Why no flat metric on a sphere?

The torus is the quotient of $\mathbb{R}^2$ by $f(x,y)=(x+1,y); g(x,y)=(x,y+1)$ and $f$, $g$ preserves the standard Euclidean metric of $\mathbb{R}^2$ and induce a metric on $\mathbb{T}^2$.

A flat metric on $S^2$ induces an atlas on $S^2$ whose coordinate change are affine transformations. To see this, remark that we can find an atlas $(f_i:U_i\rightarrow\mathbb{R}^2)$ such the restriction of the metric to $U_i$ is flat or equivalently is the pullback of the Euclidean metric of $\mathbb{R}^2$ by $f_i$. The coordinate change of this atlas preserve the Euclidean metric of $\mathbb{R}^2$ thus are affine transformations.
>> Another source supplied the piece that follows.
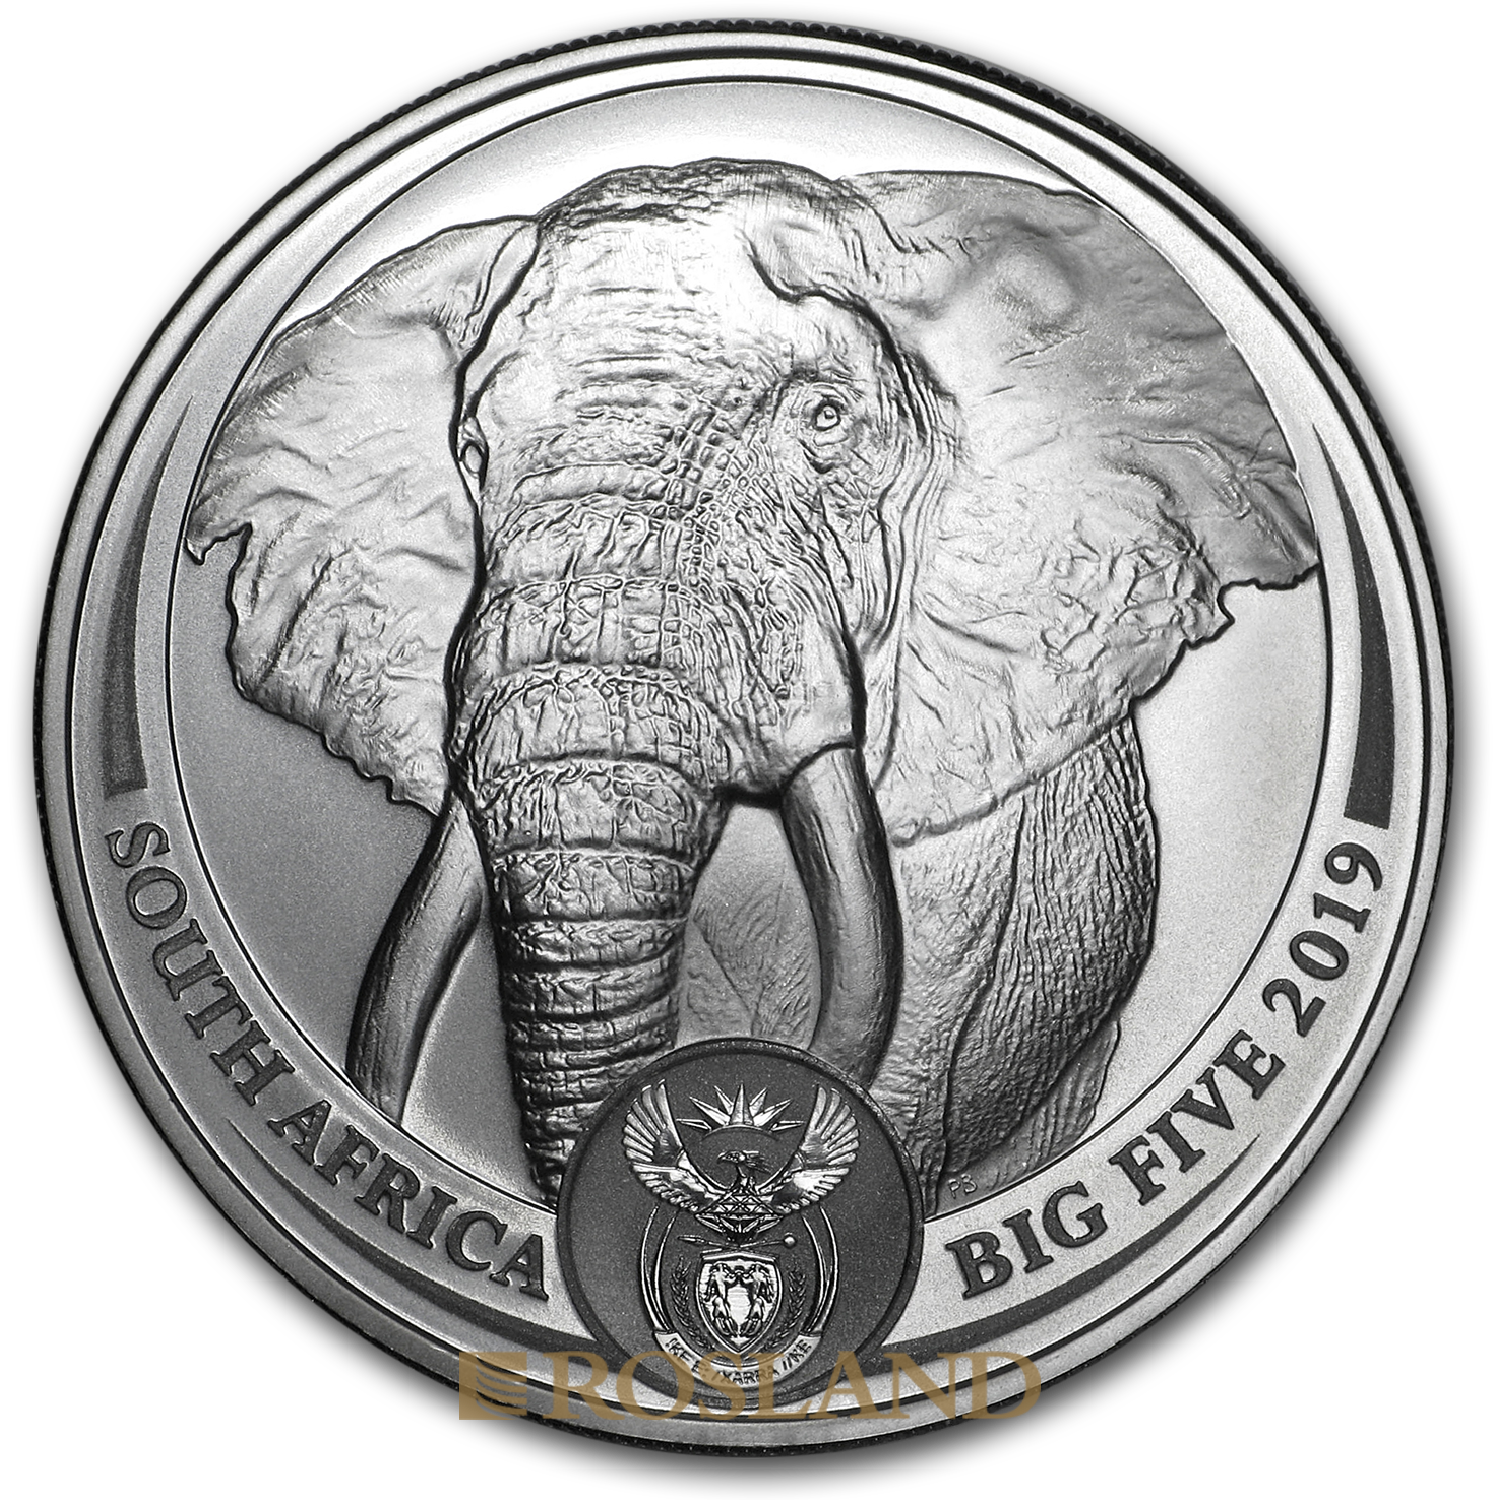 1 Unze Silbermünze Big Five Elefant 2019 (Box, Zertifikat)

This implies that the tangent bundle of $S^2$ is flat and this is not true since the Euler characteristic of $S^2$ is not zero

Another way to show that This implies is to remark that given an affine atlas on $S^2$ one can extends a chart defines by this atlas to a local diffeomorphism (The developing map) $D:S^2\rightarrow \mathbb{R}^2$ since $S^2$ is simply connected. The standard way to do that if to fix $x_0\in S^2$, with an affine chart $(U_0,f_0)$ which contains $x_0$, for every element $x\in S^2$ consider a path $c:I\rightarrow S^2$ such that $c(0)=x_0, c(1)=x$ and a subdivision $[t_1,t_2],...[t_{n-1},t_n=1]$ such that $c([t_j,t_{j+1}])\subset$ a chart $(f_j:U_j\rightarrow \mathbb{R}^2$ and to set $D(x)=g_1...g_nf_n(x)$ where $g_j=f_{j-1}\circ f^{-1}_j$, this is well defined since $S^2$ is simple connecetd. this is impossible since $S^2$ is compact.
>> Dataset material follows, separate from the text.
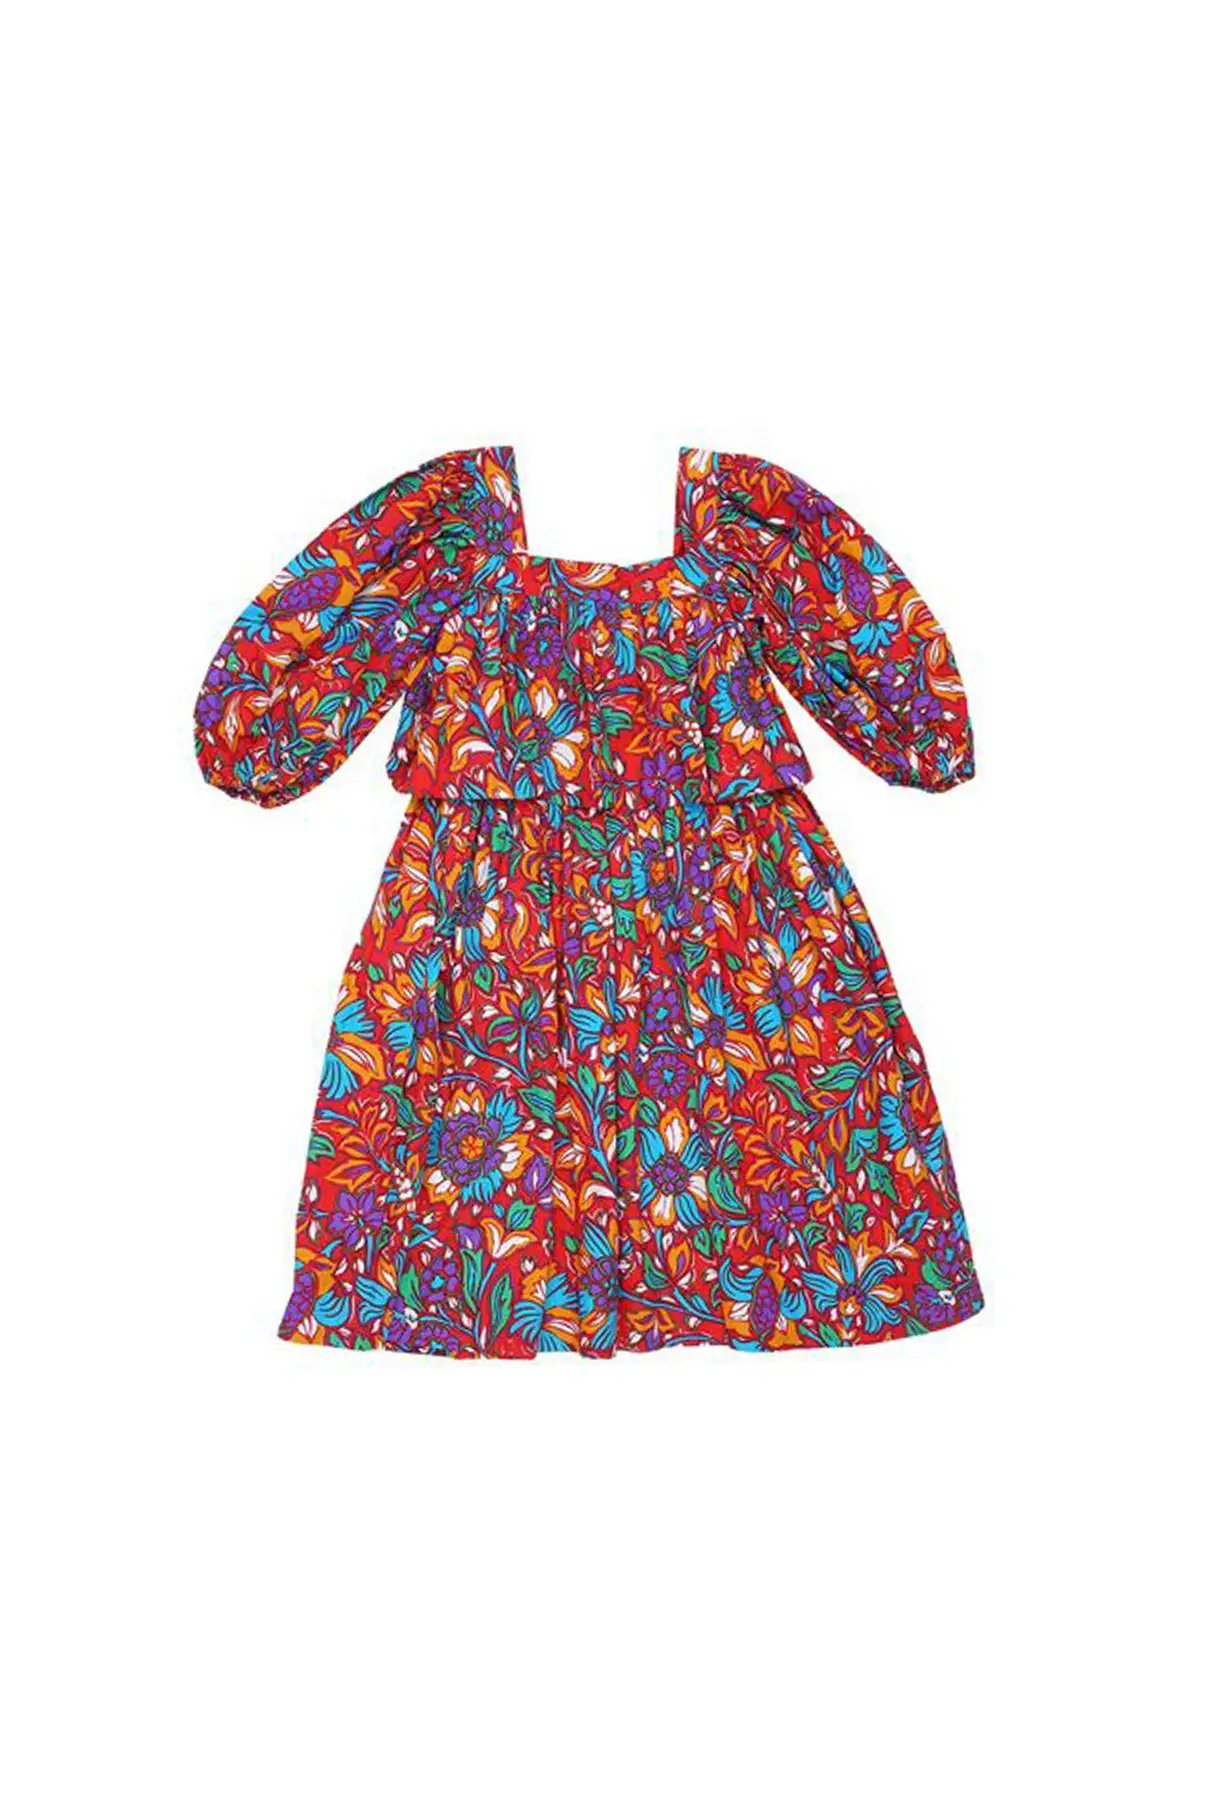 dress-yves-saint-laurent-in-cotton-multicolored.jpg

As the other answer also states, a simple proof that a flat metric on the torus is possible can be seen by pushing forward the flat metric on $\mathbb{R}^2$ by the cover $\pi: \mathbb{R}^2 \to S^1 \times S^1$, which can be done since the metric in $\mathbb{R}^2$ is invariant by translations.

An alternative to Gauss-Bonnet to see that the sphere admits no flat metric is by using that a flat metric on a simply connected manifold has trivial holonomy, which allows us to define a global non-vanishing section of the tangent bundle by taking the parallel transports of some chosen non-zero tangent vector, a contradiction with the hairy-ball theorem.

Certainly one can cite Gauss-Bonnet. Let $K$ denote the Gaussian curvature of a metric. As the sphere's Euler characteristic is $2$, any metric must have $$ 2 = \frac{1}{2\pi}\int_{\mathbb{S}^2} K\ dV$$ so no metric can have Gaussian curvature $K$ identically zero.

Meanwhile one can construct a flat metric on the torus by exhibiting it as a quotient of $\mathbb{R}^2$ by a lattice of isometries.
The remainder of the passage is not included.